Nevertheless I consider that the results of my researches are sufficiently definite to enable me to deduce from them some well founded conclusions.
In this summary I shall, however, confine myself to the most obvious conclusions. It has indeed of late become too common to draw the most sweeping conclusions as to infective diseases in general from the most unimportant observations on bacteria. I shall not follow this custom, although the material at my command would furnish rich food for meditation. For the longer I study infective diseases the more am I convinced that generalisations of new facts are here a mistake, and that every individual infective disease or group of closely allied diseases must be investigated for itself.
As regards the artificial traumatic infective diseases observed by me, the conditions which must be established before their parasitic nature can be proved, we completely fulfilled in the case of the first five, but only partially in that of the sixth. For the infection was produced by such small quantities of fluid (blood, serum, pus, etc.) that the result cannot be attributed to a merely chemical poison.

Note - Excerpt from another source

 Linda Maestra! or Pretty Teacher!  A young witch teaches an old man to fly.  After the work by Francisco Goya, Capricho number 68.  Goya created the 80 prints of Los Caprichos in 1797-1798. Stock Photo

In the materials used for inoculation bacteria were without exception present, and in each disease a different and well marked form of organism could be demonstrated.

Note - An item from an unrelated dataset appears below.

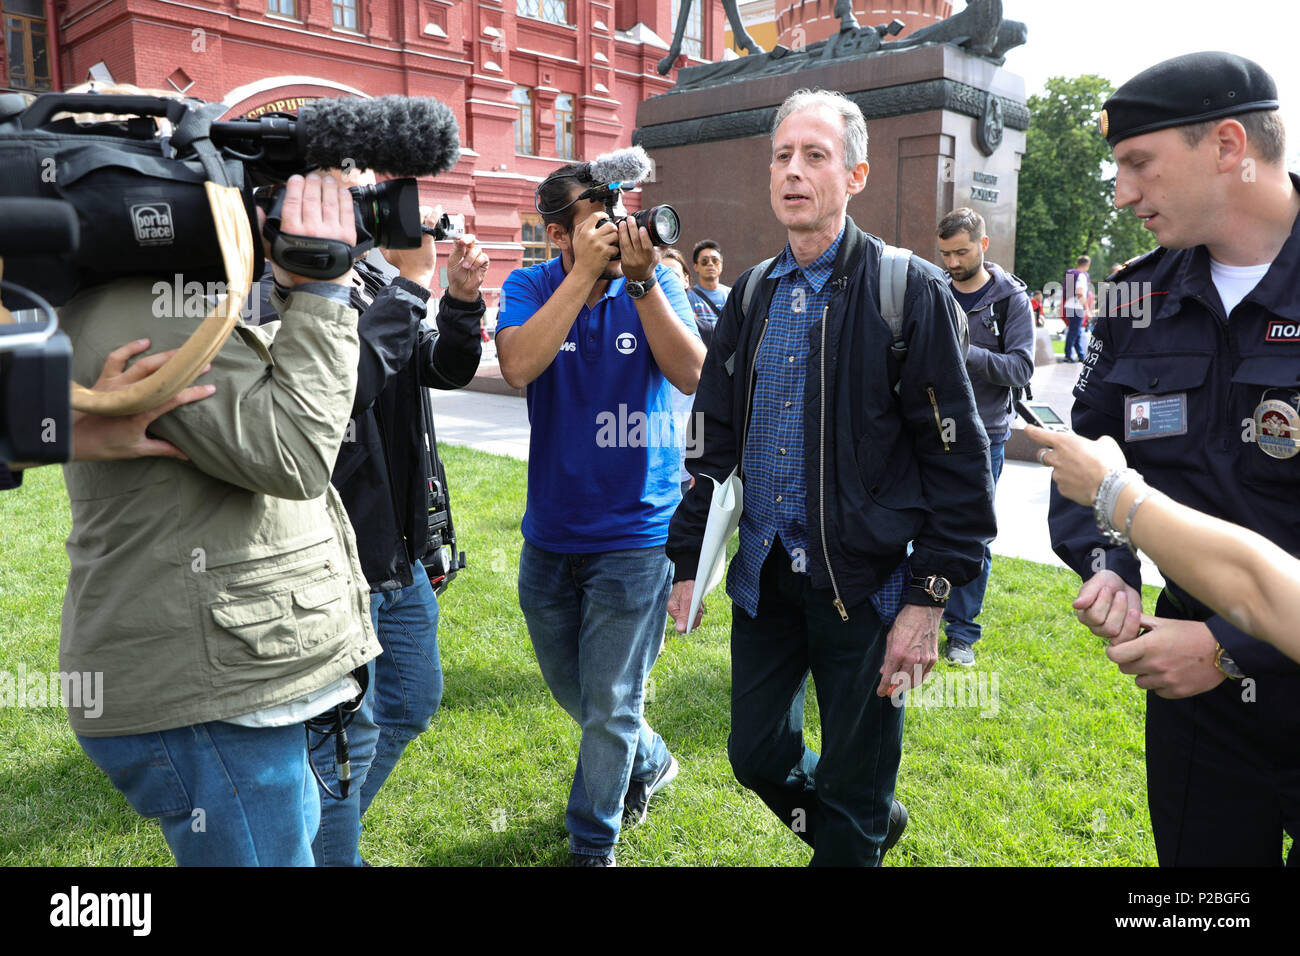 Gay rights campaigner Peter Tatchell is questioned and led away by Russian authorities in Moscow after staging a one-man protest near Red Square. Stock Photo

At the same time, the bodies of those animals which died of the artificial traumatic infective diseases contained bacteria in such numbers that the symptoms and the death of the animals were sufficiently explained. Further, the bacteria found were identical with those which were present in the fluid used for inoculation, and a definite form of organisms corresponded in every instance to a distinct disease.
These artificial traumatic infective diseases bear the greatest resemblance to human traumatic infective diseases, both as regards their origin from putrid substances, their course, and the result of post-mortem examination. Further, in the first case, just as in the last, the parasitic organisms could be only imperfectly demonstrated by the earlier methods of investigation; not till an improved method of procedure was introduced was it possible to obtain complete proof that they were parasitic diseases. We are therefore justified in assuming that human traumatic infective diseases will in all probability be proved to be parasitic when investigated by these improved methods.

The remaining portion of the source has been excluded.